Beacon Hill is a prime time period drama series which aired on CBS in 1975. Set after World War I in Boston's Beacon Hill area, the show was conceived as an Americanized version of the popular British series Upstairs, Downstairs (1971–1975) and focused on the wealthy Irish-American Lassiter family and their Irish immigrant servants, who reside together on Louisburg Square.

The show was produced by Jacqueline Babbin and Beryl Vertue, the former literary agent of Upstairs, Downstairs co-creator Jean Marsh.

==Production==
The first episode cost $900,000 to produce, and the music was composed by Marvin Hamlisch. Christopher Schemering of The Soap Opera Encyclopedia called Beacon Hill "the most touted prime-time soap since the Lana Turner-George Hamilton debacle The Survivors".
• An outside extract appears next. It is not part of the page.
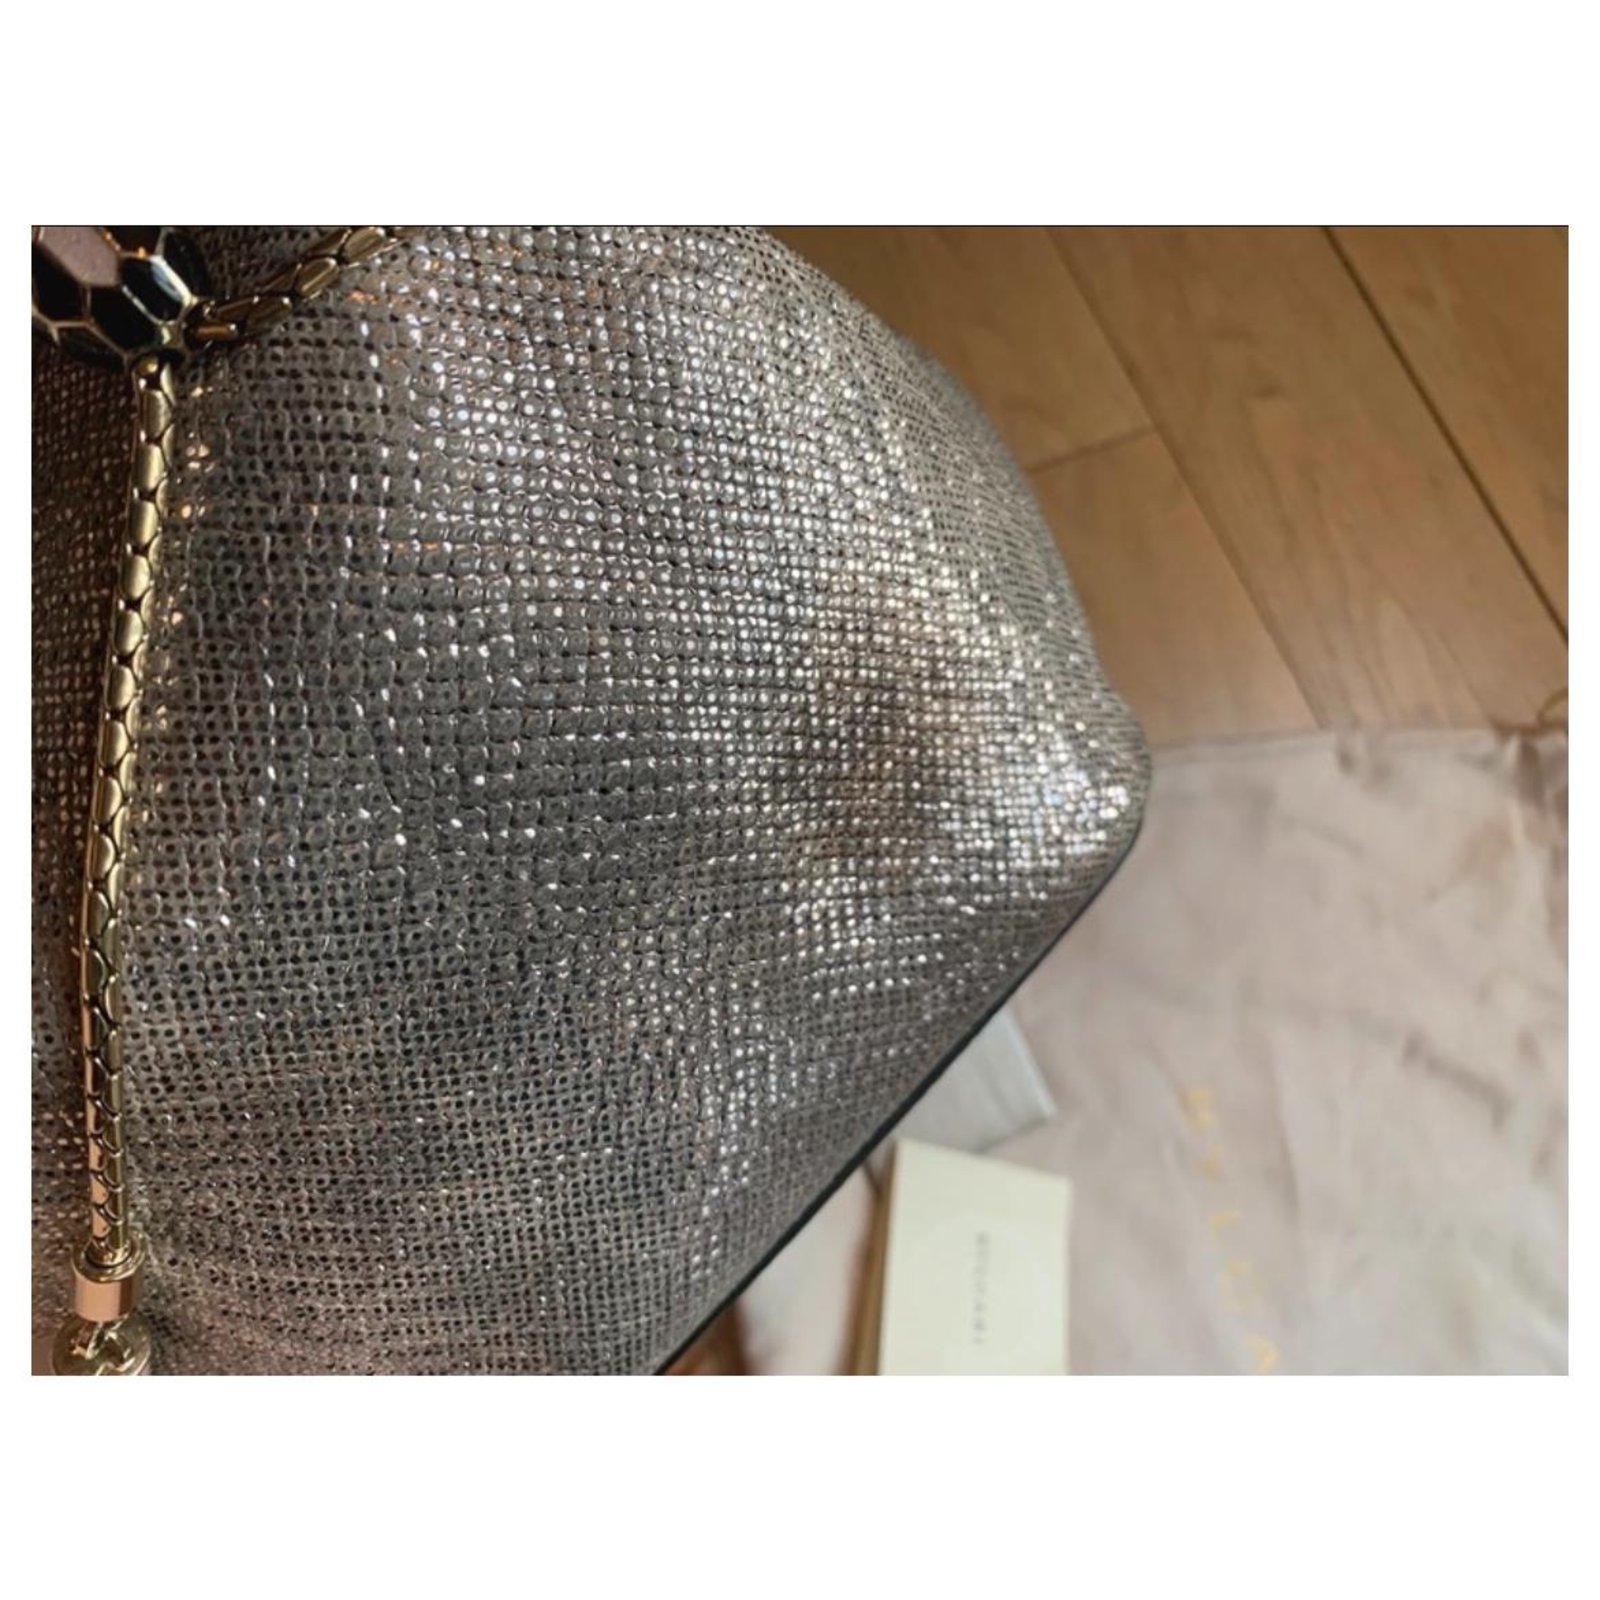 Bvlgari Serpenti Heritage Mesh Metallic Leather Bucket Bag In Light Gold
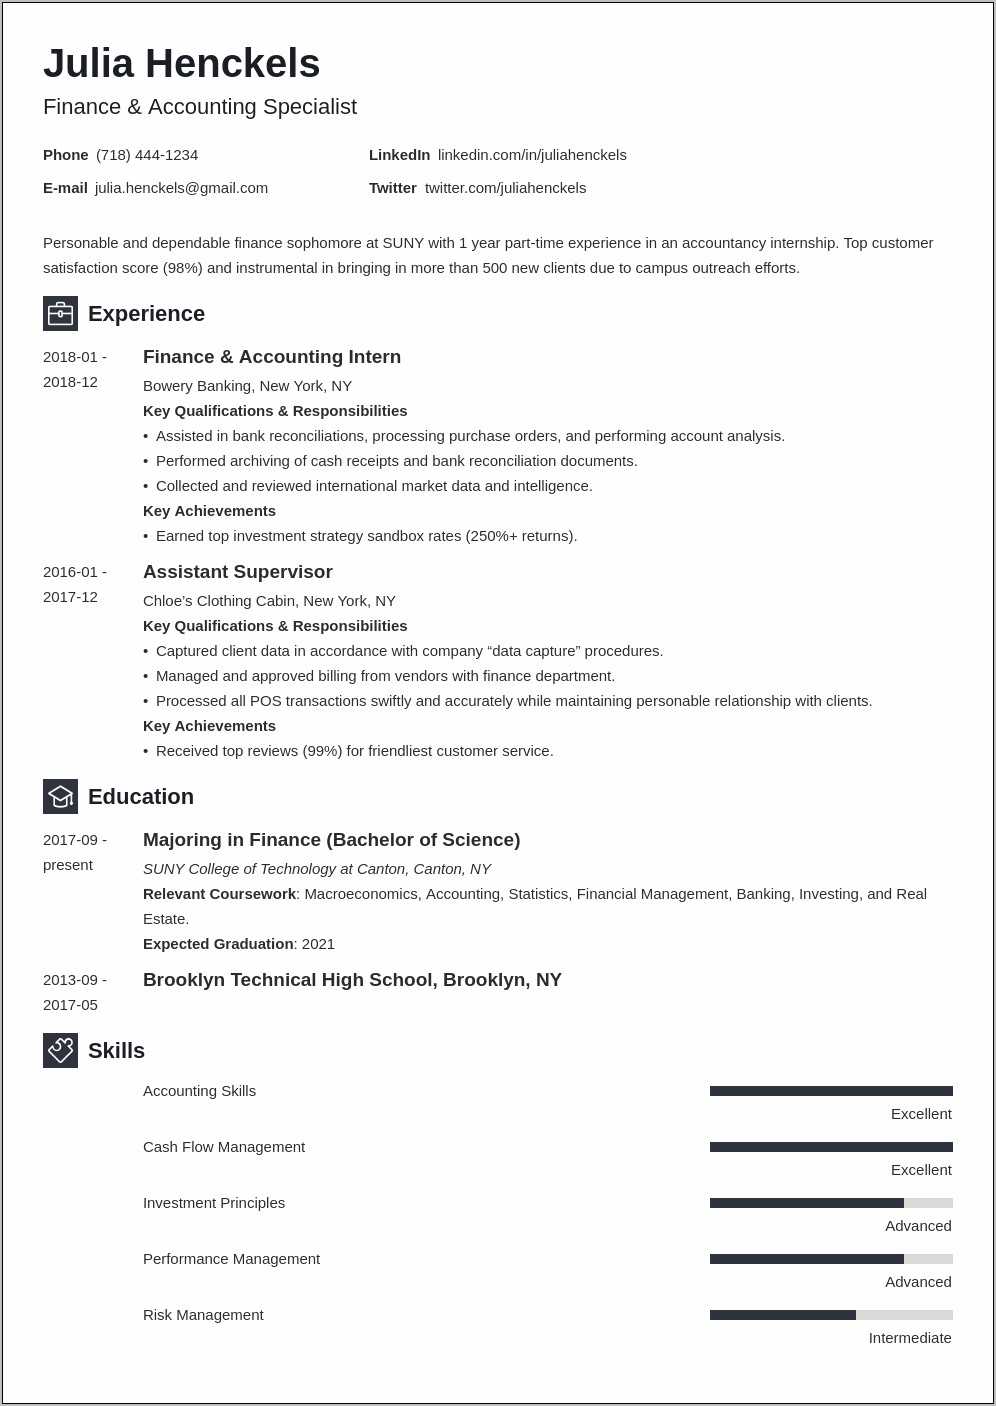 Examples Of Resume Summary Statemetns

The series premiered on August 25, 1975, with an "impressive audience" of "43% of people watching TV" that evening, but it could not sustain those ratings. Schemering wrote that "the overly large cast and fragmented stories did not allow the audience to get its bearings." The show was cancelled after 11 weeks (two further episodes remained unaired) with its last episode airing on November 4, 1975.

==Cast and characters==
The show starred Stephen Elliott as patriarch Benjamin Lassiter, a self-made businessman and éminence grise at Boston City Hall, and Nancy Marchand as his wife Mary, an elegant society woman from a wealthy family. They have five children; eldest daughter Maude (Maeve McGuire), who is married to yachting enthusiast Richard Palmer (Edward Herrmann); middle daughter Emily (DeAnn Mears), who is married to stockbroker Trevor Bullock (Roy Cooper) and is the mother of the spoilt Betsy (Linda Purl); "plain jane" Rosamond (Kitty Winn), who helps out the family business; bohemian Fawn (Kathryn Walker), who is having an affair with her Italian piano teacher Giorgio Bellonci (Michael Nouri); and Robert, the Lassiters’ only son, who has returned from France after losing an arm in World War I.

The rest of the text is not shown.